◆ **HOW TO COMPLETE THIS TASK**: Please give back the listing below word for word and drop any images.

◆ **DATASET EXCERPT**:
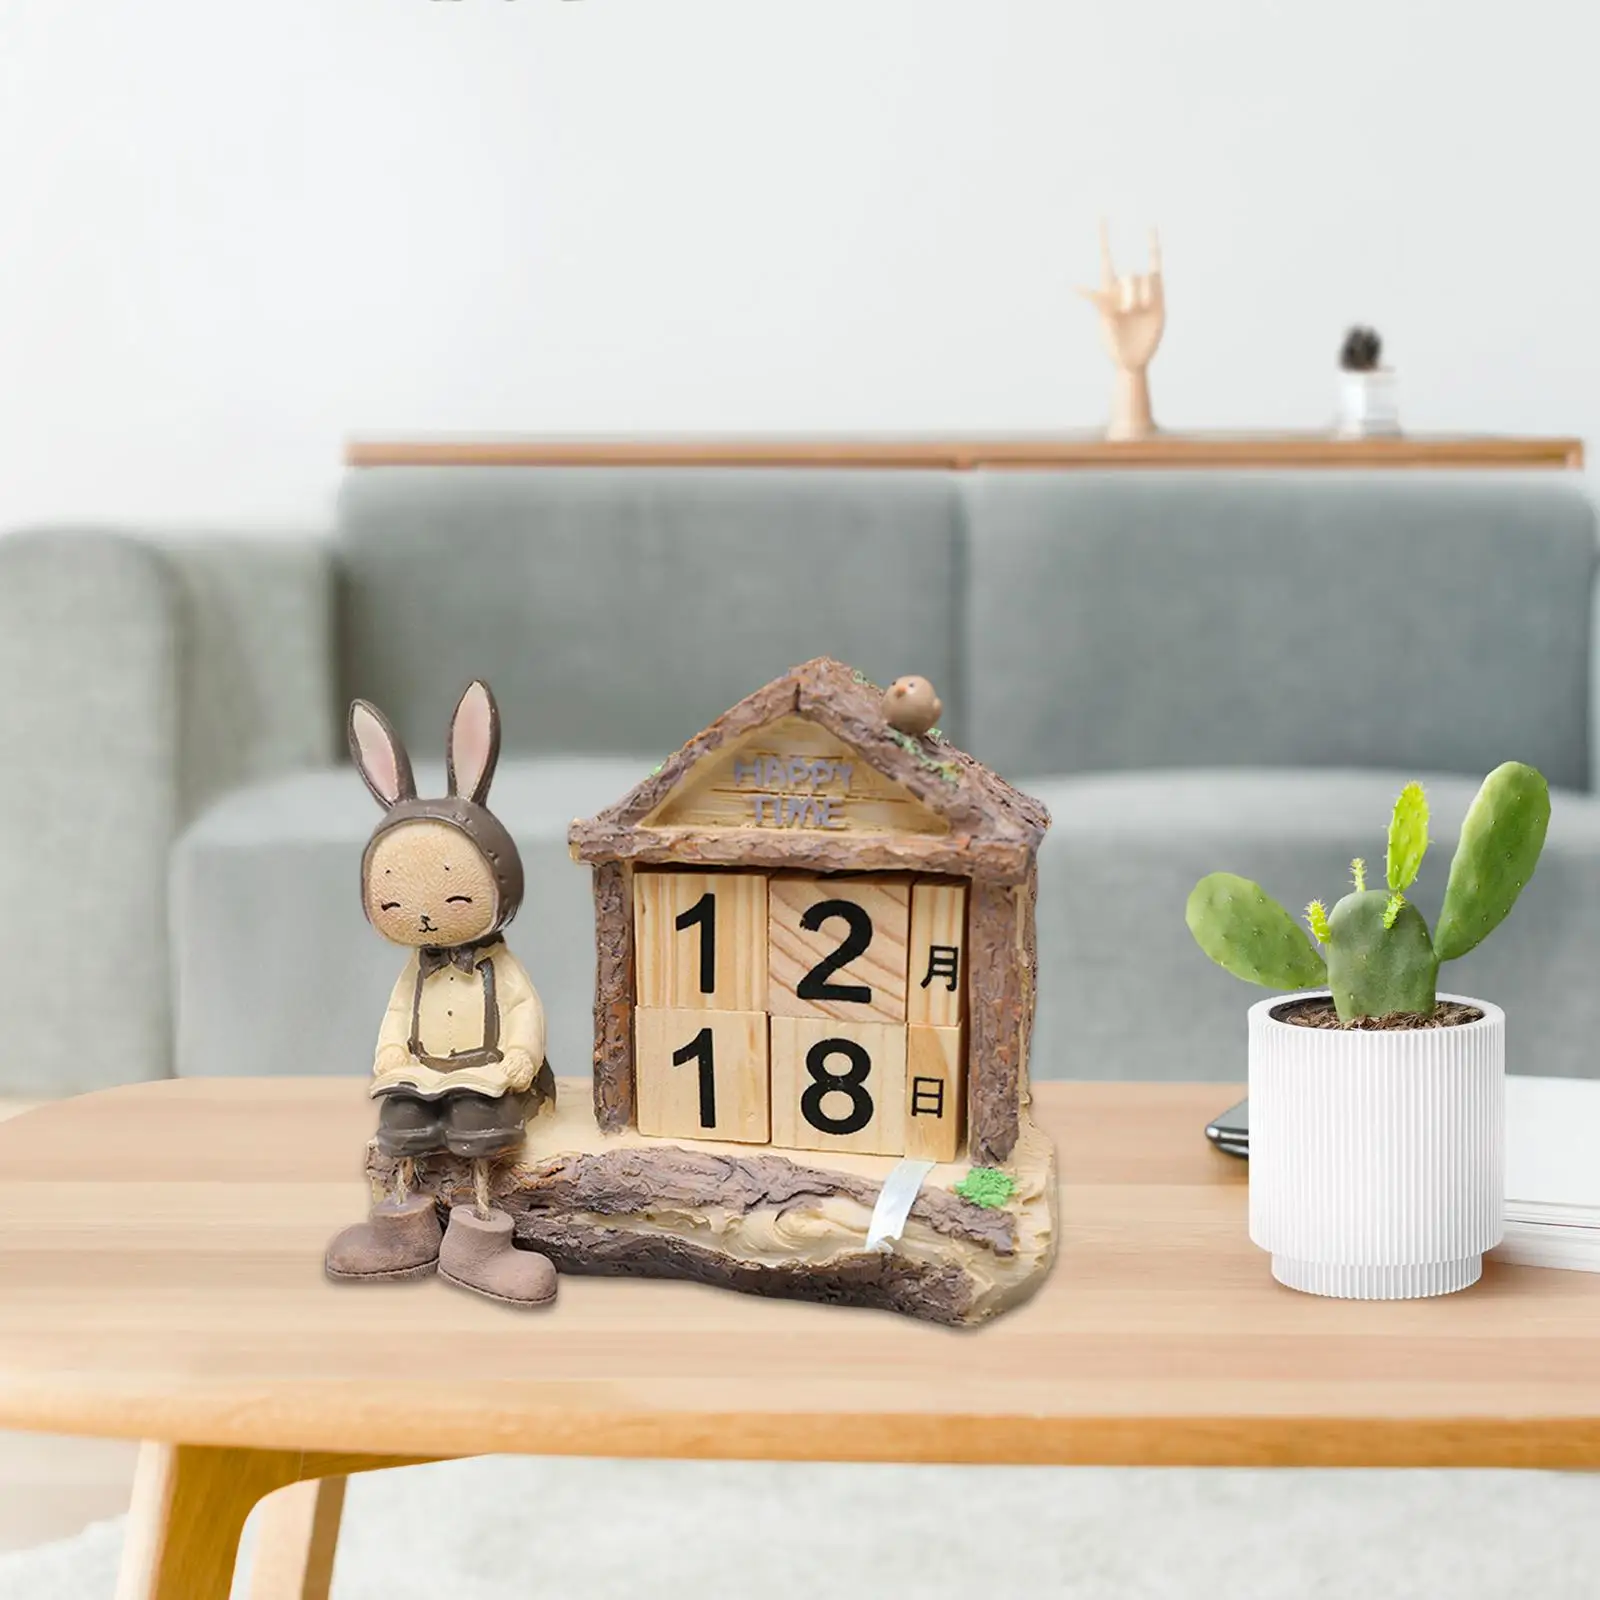 Desk Calendar Blocks Rustic Tabletop Calendar Wooden Block Daily Calendar Month Date Display for Office Indoor Living Room Decor
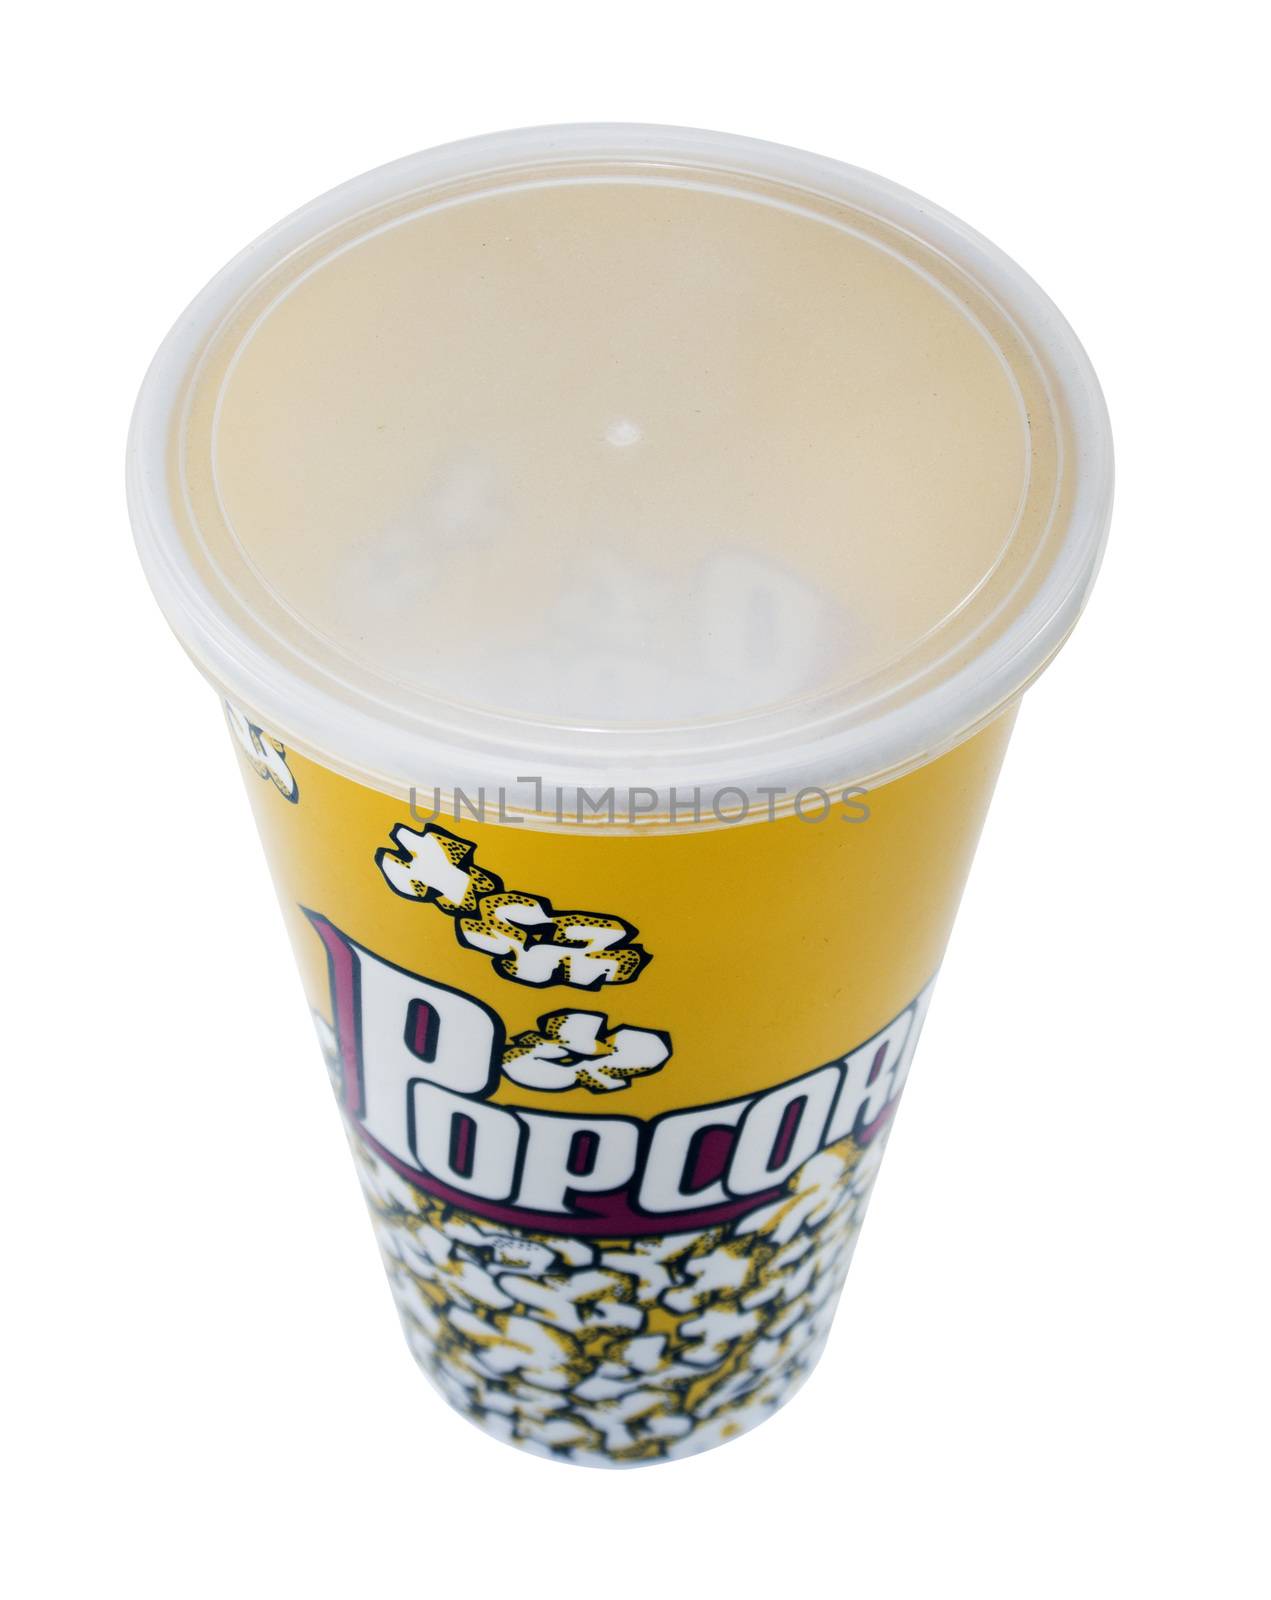 Popcorn bucket by designsstock
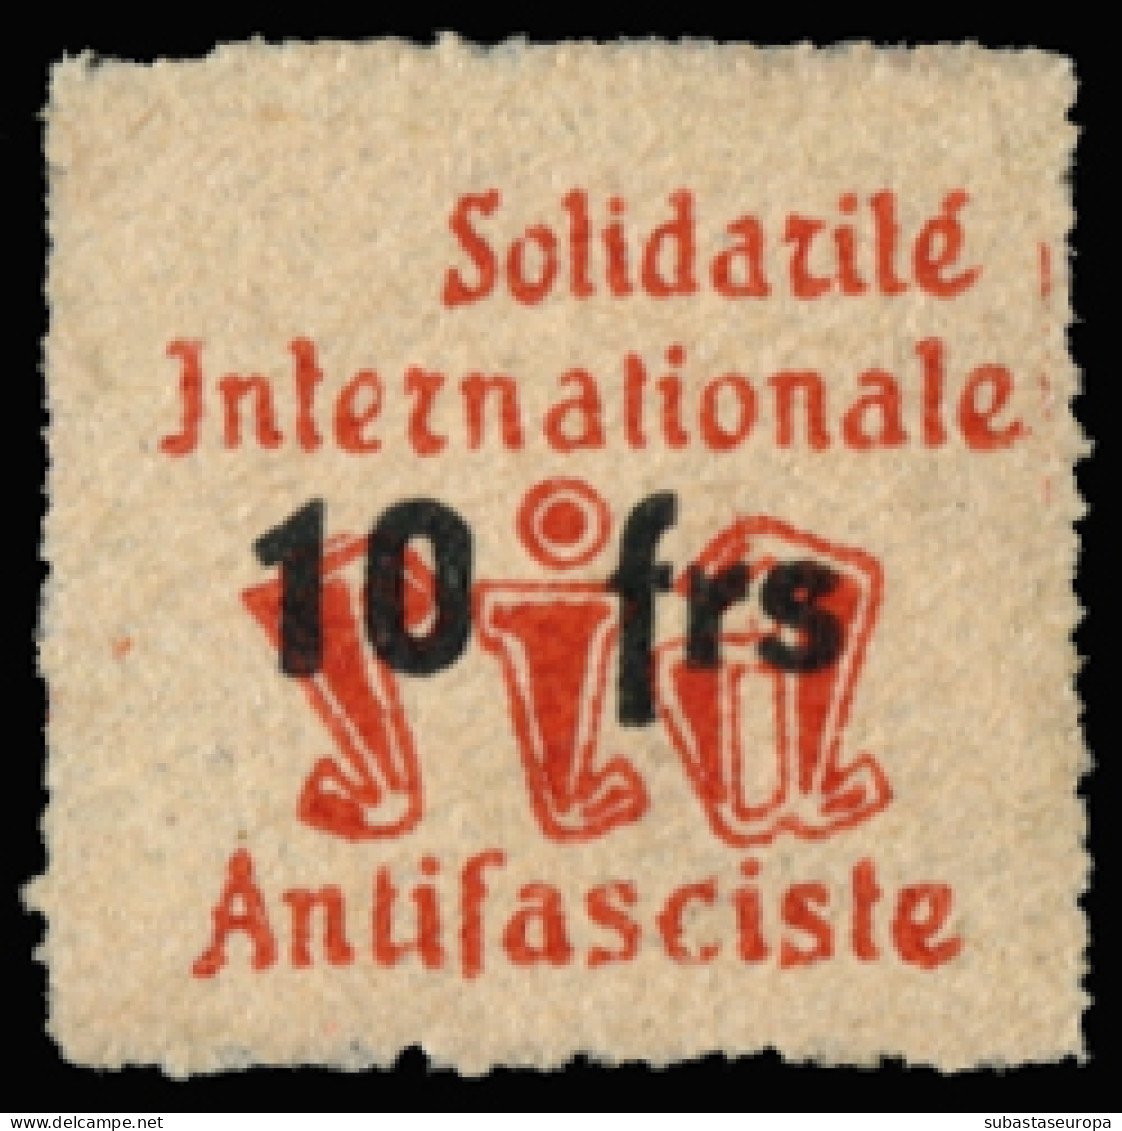 Francia. SIA. 10 Fr. Color Rojo. Rara. - Spanish Civil War Labels

◆ **ANSWER BELOW**:
 Desk Calendar Blocks Rustic Tabletop Calendar Wooden Block Daily Calendar Month Date Display for Office Indoor Living Room Decor
 Popcorn bucket by designsstock
 Francia. SIA. 10 Fr. Color Rojo. Rara. - Spanish Civil War Labels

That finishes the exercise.